Experiment 3 Procedure A follow-up experiment used similar statements and black cards, neutral statements and blank cards, or blank cards and dissimilar statements for correct and incorrect responses. All three groups showed learning. Theorized that neutral statements have reinforcing properties.
Experiment 3 Procedure Stimulus cards were prepared with a circle and square that were black or white, large or small, and appeared on the left or right. The characteristics were randomly varied. The participants had to chose either the circle or the square as the correct response. Half of the participants had “small” as the correct response while the other half had “large” as the correct response.
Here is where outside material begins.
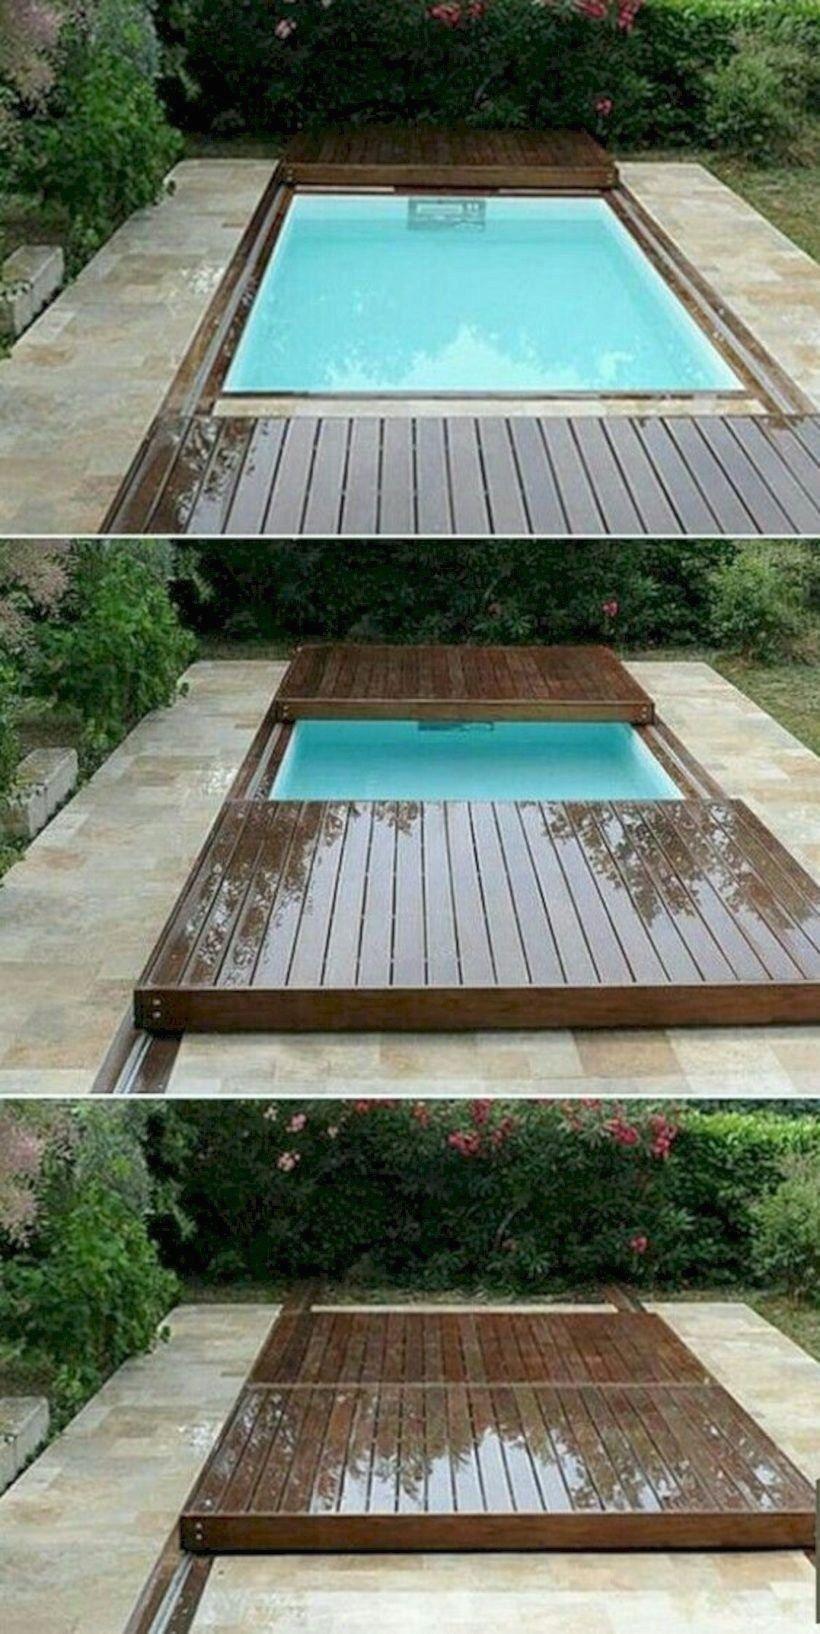 16 Decorating Tiny Pool on Your Backyard Garden - GODIYGO.COM - Modern Design

Experiment 3 Procedure Feedback cards were: A card containing a BXX nonsense syllable and a blank card for correct and incorrect responses. A card containing a DXX nonsense syllable and a blank card for correct and incorrect responses. A card containing a BXX nonsense syllable and a DXX nonsense syllable for correct and incorrect responses.
Experiment 3 Results Significant increase in performance for BXX-neutral and DXX-neutral conditions. No significant increase in performance for BXX-DXX condition.
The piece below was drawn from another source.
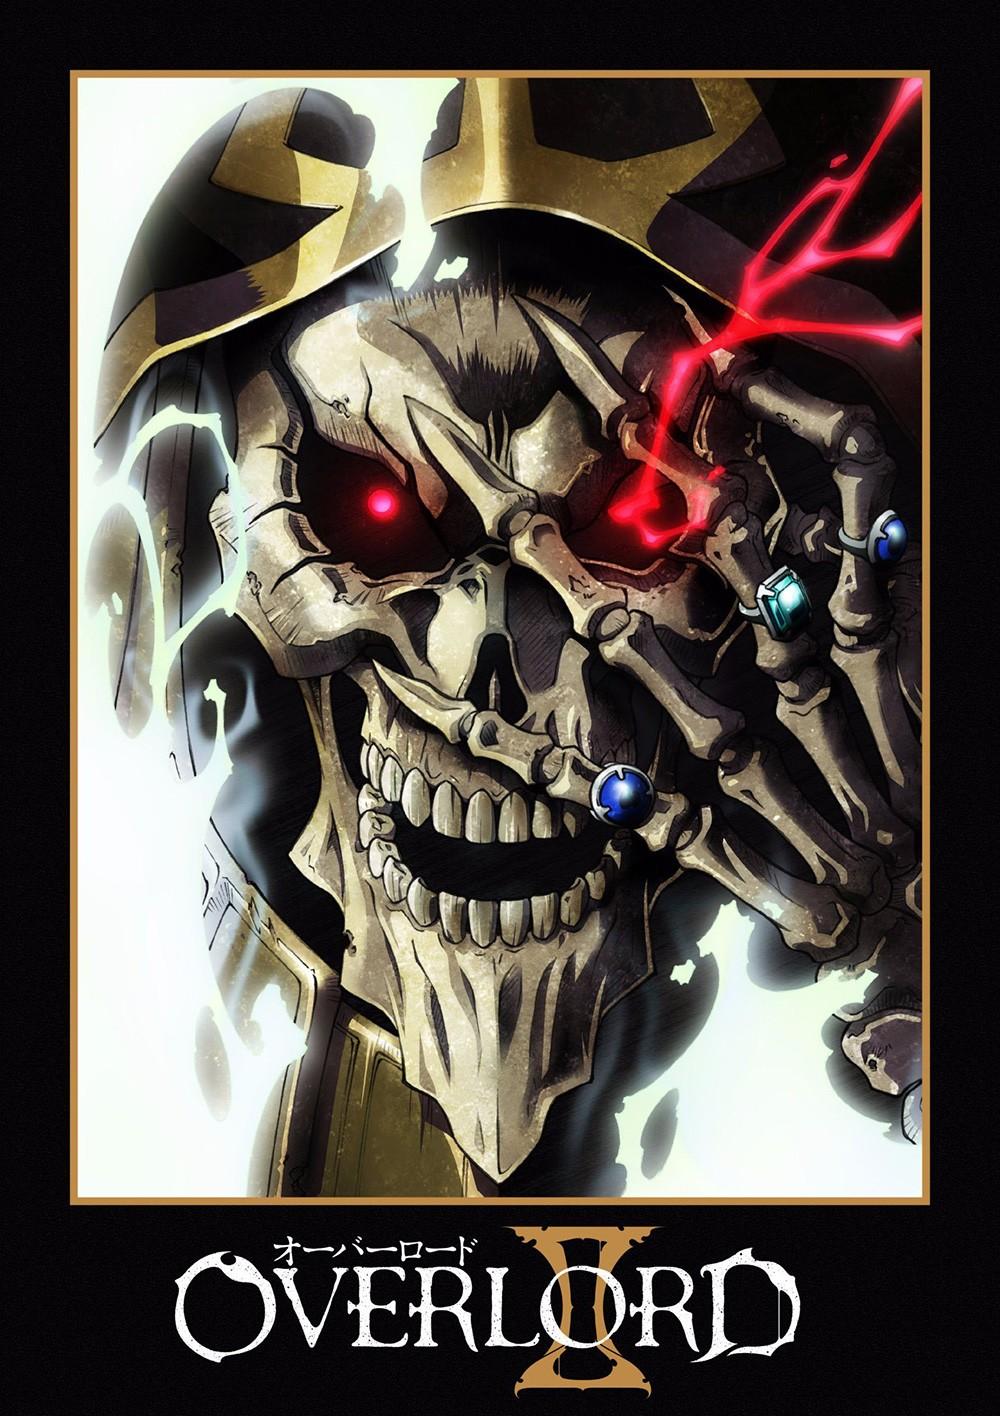 3MrmeADQvm7YY - [Aporte] Overlord II [13/13][85MB][MLF][MEGA][Concluido...] - Anime Ligero [Descargas]

Experiment 3 Discussion Helson’s (1959,1964) adaptation level theory: One’s own attitude serves as the adaptation level from which a stranger’s attraction is to be judged based on the stranger’s attitude.
Experiment 3 Discussion Helson’s (1959,1964) adaptation level theory: A similar stranger should be viewed at the neutral point, thereby commanding a neutral response. A dissimilar stranger should be viewed as different from the neutral point, thereby commanding a negative response.
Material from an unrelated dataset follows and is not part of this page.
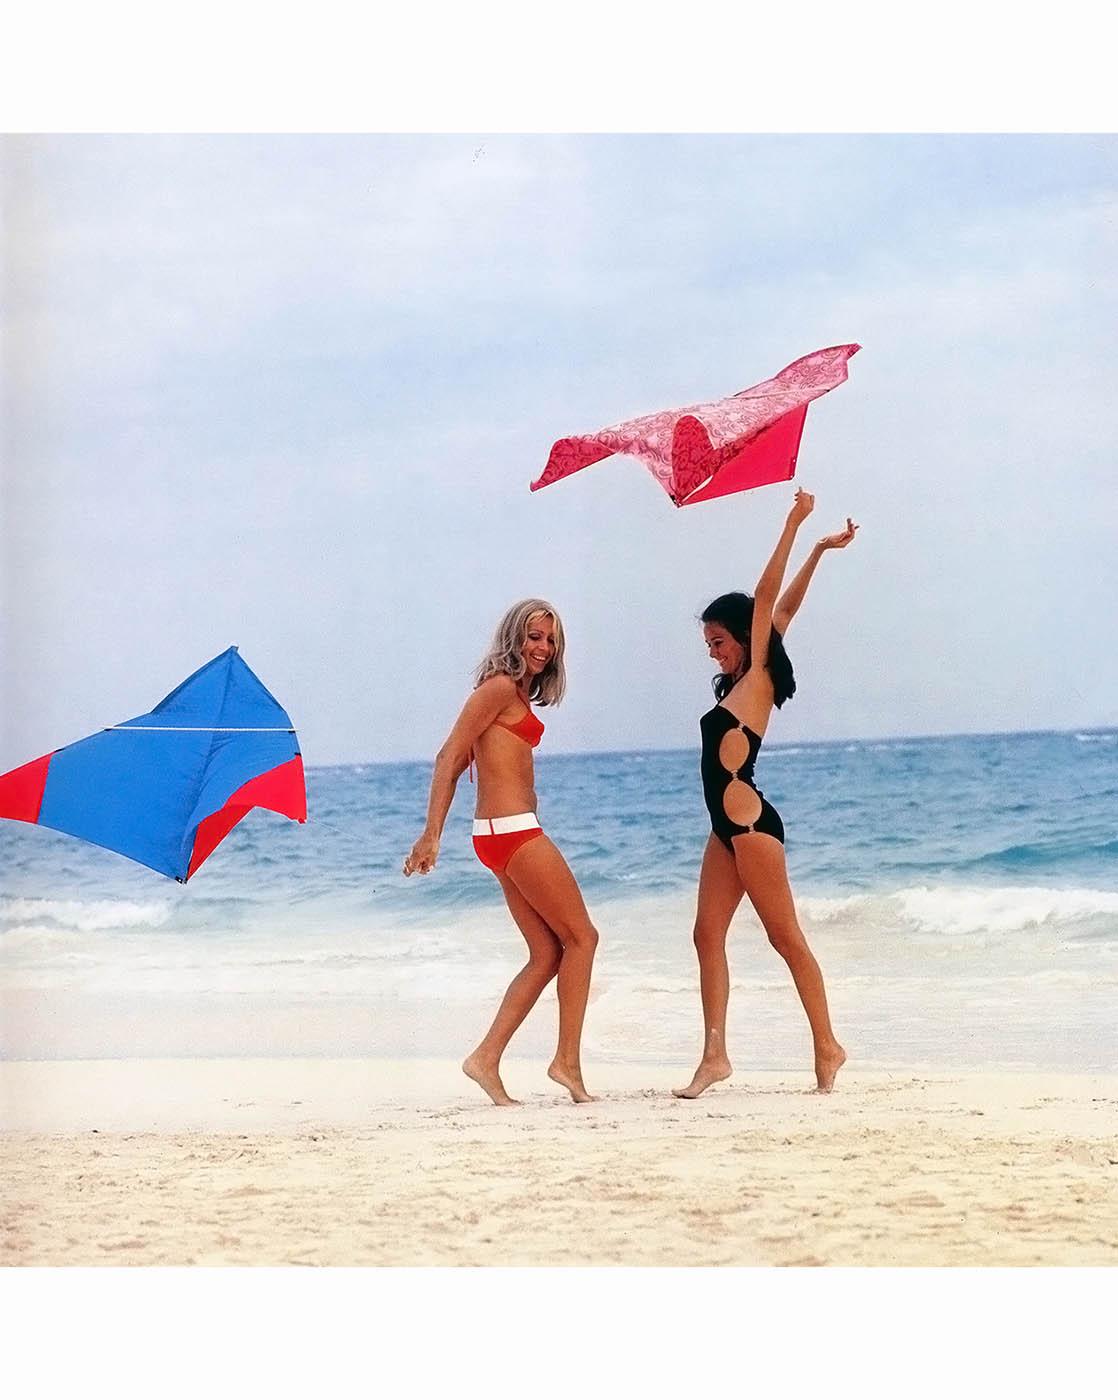 https://pleasurephoto.files.wordpress.com/2015/12/swimsuit-fashionsfor-time-bermuda-1968-ormond-gigli.jpg

Cases where similarity could lead to attraction: Experience of similarity in the context of dissimilarity. Experience of agreement. Relatively new and important attitudes.
General Discussion The experience of similarity in the context of dissimilarity has been shown to result in increased attraction responses above the level obtained in the absence of the dissimilarity context. Similar strangers are rated as more attractive following presentation of an unattractive stranger than similar strangers not preceded by a dissimilar stranger.
General Discussion The consistency theories: Including cognitive dissonance theory. The occurrence of inconsistency in each of these theories produces aversive states that cause motivation to reduce or eliminate them.
General Discussion In the context of consistency theories, exposure to attitudinal similarity is a consistent event that lacks affective or motivational properties. Explanation for no difference occurring in attraction between similar conditions and no- attitude conditions.
General Discussion However, exposure to dissimilar attitudes causes the induction of inconsistency and an aversive state. The presence of the aversive state leads to the repulsion of the person whose attitudes induced the negative state. Repulsion leads to reduction in negative state.
Conclusion Considerable events suggests that attitudinal dissimilarity leads to repulsion but similarity does not enhance attraction.